The singer-songwriter isn't afraid to roll in the mud as she sings all over the spectrum, from addiction to politics. She even sings about her mom on the high energy, Little Richard-esque song, "Jack Killed Mom," a song that violently and humorously defends the honor of her mother.
Because this isn't a folk album, the songs aren't as densely packed with complex verses. On the happily reminiscent piano ballad, "The Black Sand," Jenny croons "on the black sand" over and over. This pop shift could be a hard pill to swallow for her older fans who adored the poeticism featured on "Rabbit Fur Coat."
Though her lyrics will always serve as her greatest craft, Lewis makes a fair tradeoff by diversifying soundscapes instead.
She reveals the Jack White in her with a genuine southern-rock style with dark, syncopated foot drums and electric guitar plucks on the beefy and rugged, "The Next Messiah."
On the uptempo country track, "Carpetbaggers," Lewis trades off vocals with Elvis Costello, the English musician that resurrected his classic nasally voice that has been locked away in a vault since the late seventies.
"Acid Tongue" was recorded at Sound City Studios in Van Nuys, California and completed in a mere three weeks.

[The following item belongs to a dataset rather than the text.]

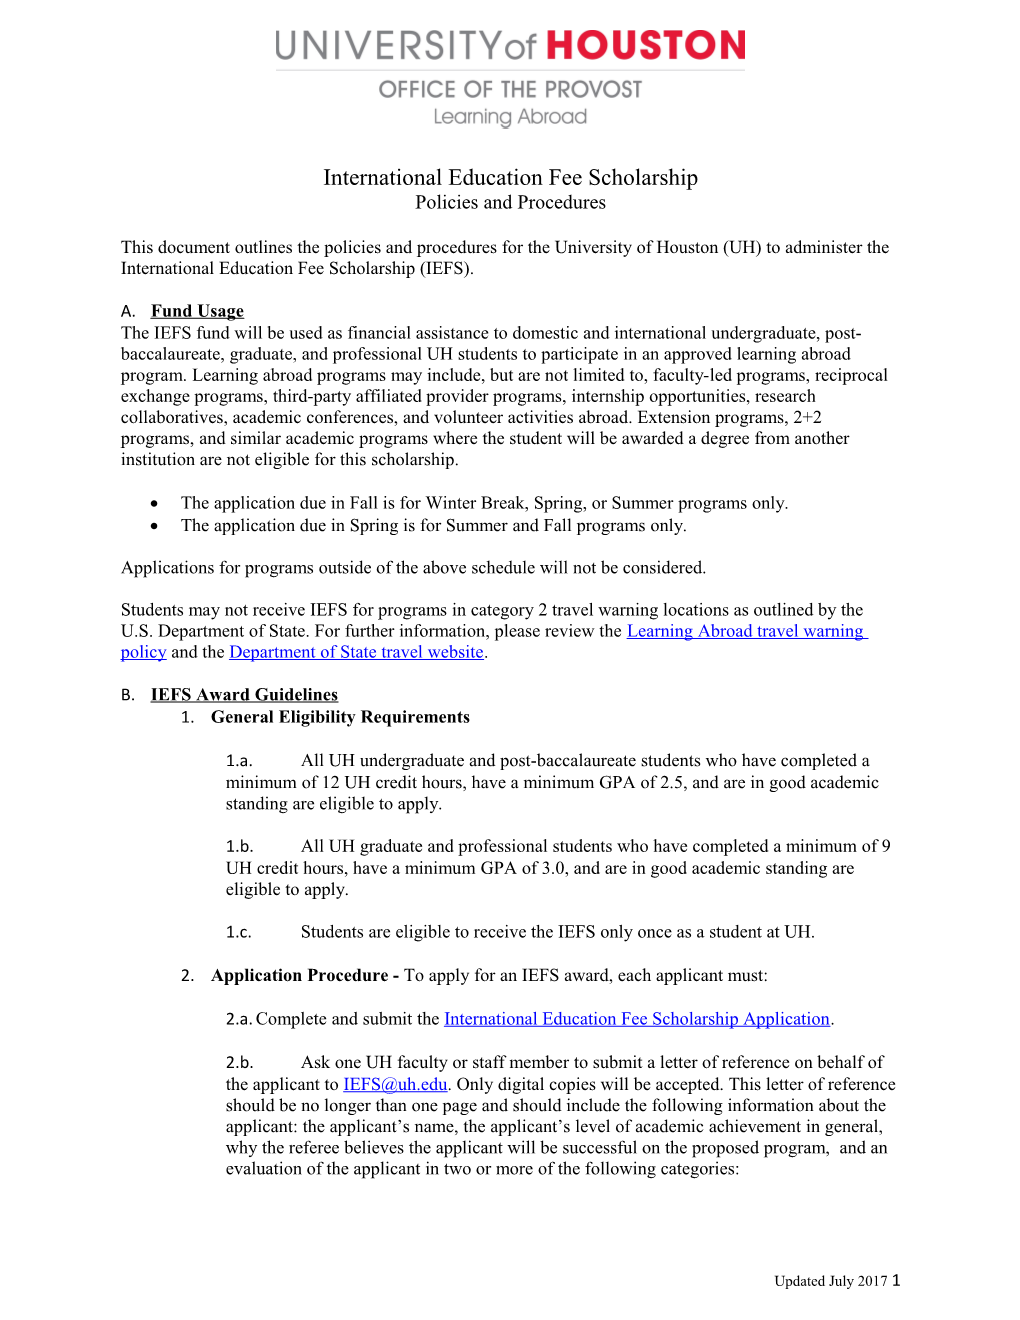 International Education Fee Scholarship

It is evident that much of the album was recorded live by how unrefined it turned out.
Nevertheless, the album does have a few cleaned-up tunes. The two most polished and mature songs on the album are the ones that strongly emulate the Adult-oriented rock sound of Fleetwood Mac: "Godspeed" and "Sing a Song For Them." These gems serve as the middlemen of the album's ranging styles.

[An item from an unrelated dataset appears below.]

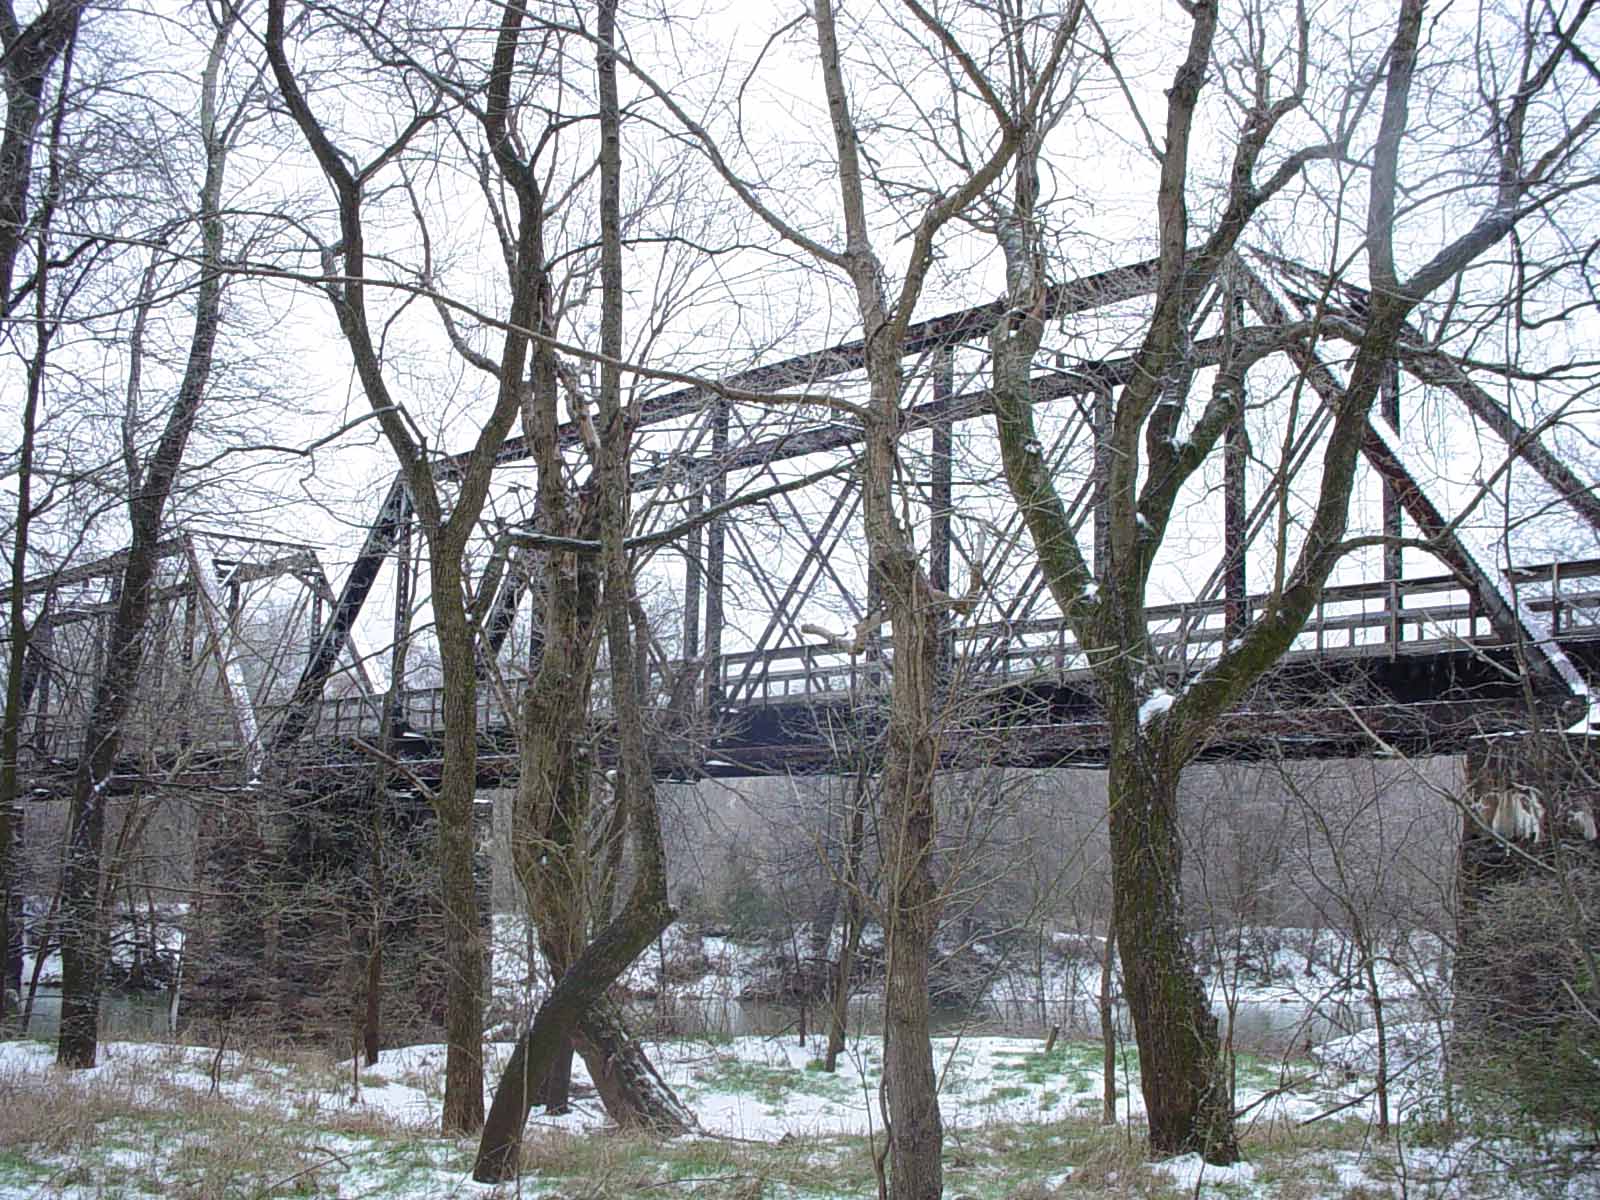 Staunton River Bridge

"Pelican Bay," the bluesy-sexy song only available via the Web, is filled with reverb, lush vocalizations and a heavy bass guitar that sure to make you sway from side to side and snap your fingers.
Though Lewis' musical influences are easily traced in her songs, she mystically pulls off a fresh sound with every album she creates. As her musicianship grows, she is free to try anything and don't think she won't. Lewis is a renegade and she isn't going anywhere.